Action Masking: Preventing Invalid Moves

Why Action Masking?

Without masking, the agent might:

Attempt to sell 50 shares when holding only 10
Try to buy when balance is insufficient
Execute BUY_MAX with zero balance

Why Necessary During Training?

During training, the agent uses epsilon-greedy exploration, taking random actions with probability ε (e.g., 20%). Without action masking:

Wasted Exploration: Random exploration would frequently attempt invalid actions, providing no learning signal
Environment Errors: Invalid actions could crash the environment or return meaningless rewards
Slower Convergence: The agent would waste valuable episodes learning basic constraints instead of learning the actual trading task

Action masking constrains the search space to valid actions, allowing the agent to focus exploration on the interesting part of the problem.

Implementation During Training:

# Get valid action mask
action_mask = env.get_action_mask()

# Agent outputs Q-values for all actions
q_values = agent.predict(state)

# Mask invalid actions with large negative value
masked_q_values = np.where(action_mask, q_values, -np.inf)
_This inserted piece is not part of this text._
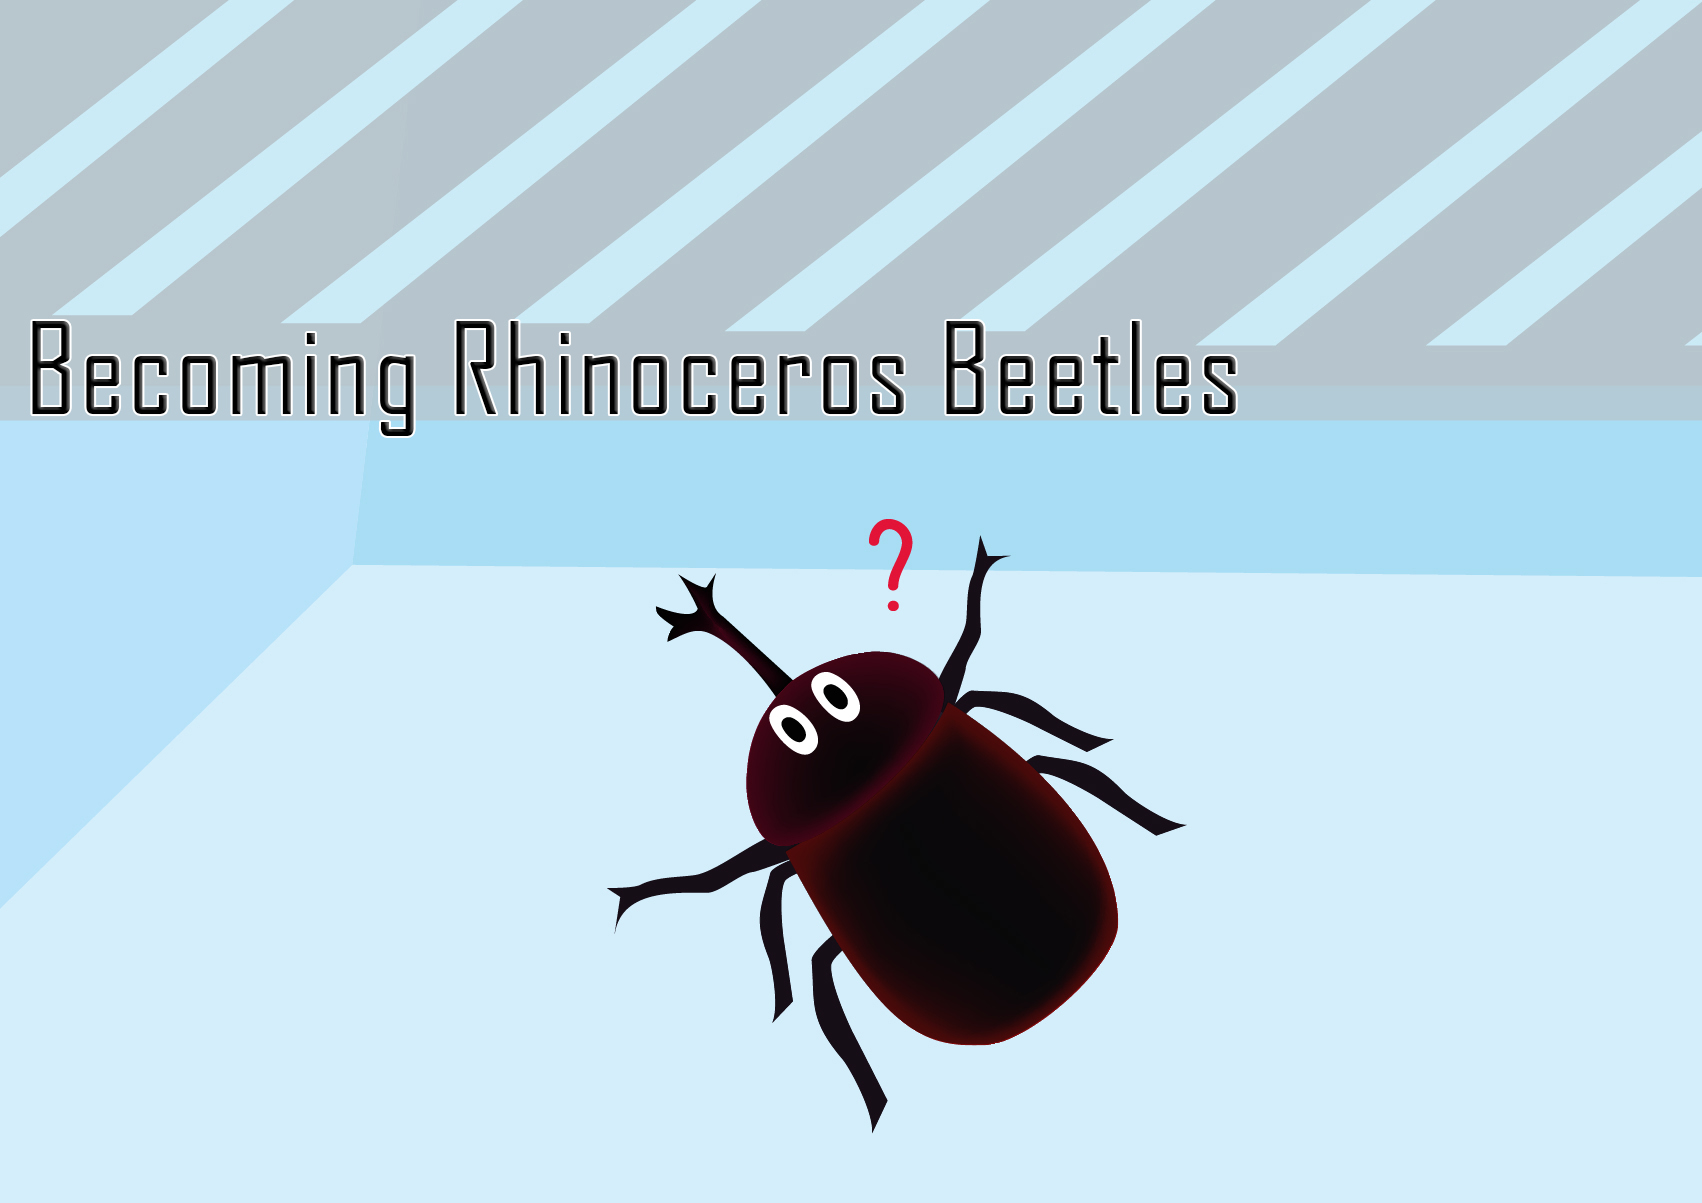 Becoming Rhinoceros Beetles

# Select best valid action
action = np.argmax(masked_q_values)

Multi-Buy Position Accumulation

The Trading Scenario

Imagine this sequence:

Day 1: Buy 10 shares @ $450 (entry price = $450)
Day 5: Buy 50 shares @ $460 (market went up)
Day 10: Buy 10 shares @ $455 (small dip)

Question: What’s the agent’s average entry price?

Answer: Weighted average!

Total Cost = (10 × $450) + (50 × $460) + (10 × $455)
           = $4,500 + $23,000 + $4,550
           = $32,050

Total Shares = 10 + 50 + 10 = 70

Weighted Avg Entry = $32,050 / 70 = $457.86

Lot Tracking Implementation

def _add_lot(self, shares: int, price: float):
    """
    Add a new lot to position.

    Args:
        shares: Number of shares bought
        price: Purchase price
    """
    self.lots.append({
        'shares': shares,
        'entry_price': price
    })

    self.shares_held += shares
    self.entry_price = self._calculate_weighted_avg_entry()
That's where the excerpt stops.